「まりあ…」

「私を、もう一人にしないで…」

どうしてその言葉が自然と口から出たのか。

口の中がしょっぱかった。それが海の潮のせいか、自分の涙のせいかは分からない。
私を見つめる智樹さんの瞳にからも大粒の涙が零れ落ちて行ったから。

暗く染まる海の中、まるで子供の様に泣きじゃくった。 行かないでよ、一人にしないでよ、お母さん。 あの日の子供の様に声を上げて泣いた。

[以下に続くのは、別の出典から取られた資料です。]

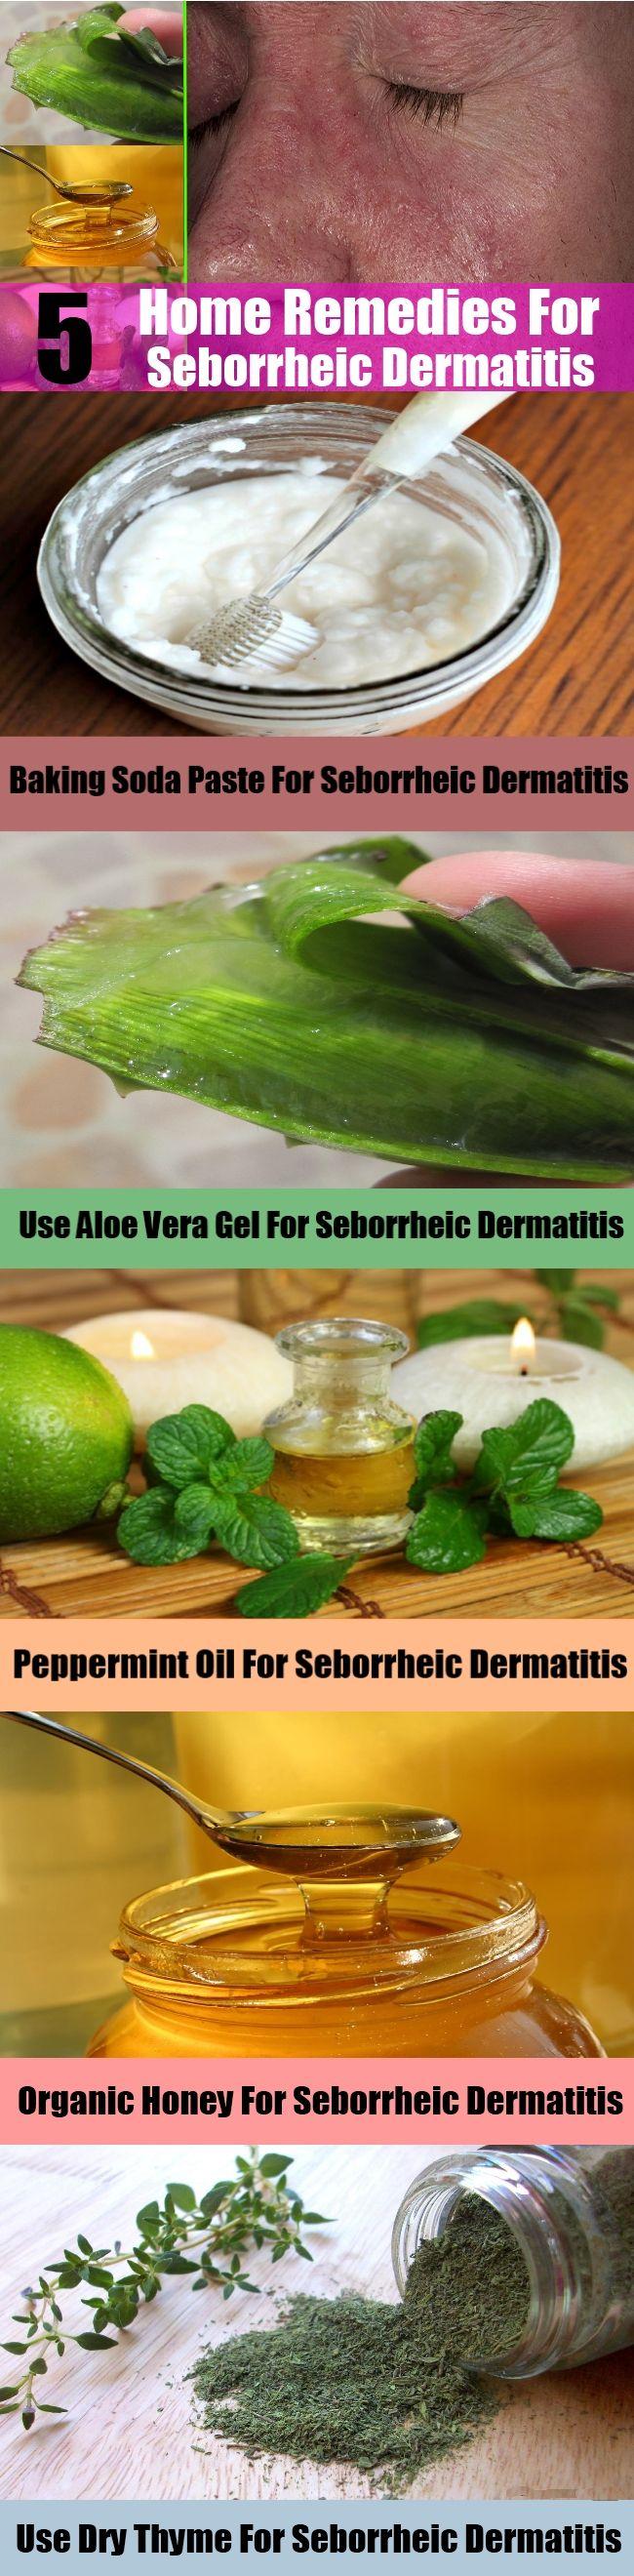 sebborheic dermatitis

縺れ合った体を、抱き寄せたのは一体どちらが先だったのだろうか――。


朔夜さんと悠人さんの手に寄って、私達は暗い海から救出される事となった。 半分意識を手放していた智樹さんは虚ろな瞳で、ゆっくりと目を開けた。

「馬鹿野郎…」

智樹さんに手を差し伸べた朔夜さんの瞳が赤くじんわりと滲む。
悠人さんに至っては大泣きで、泣きながら救急車を呼んでいる。

その三人の姿を見て、やはり血は繋がっていなくとも兄弟なのだと感じる。 私と智樹さんの方が、よっぽど歪だ。

結ばれた筈の縁を、自ら解いてしまったようで――ぐちゃぐちゃに絡み合ってしまっても、丁寧に解いていけば

また真っ直ぐに繋がる日は来るのではないだろうか。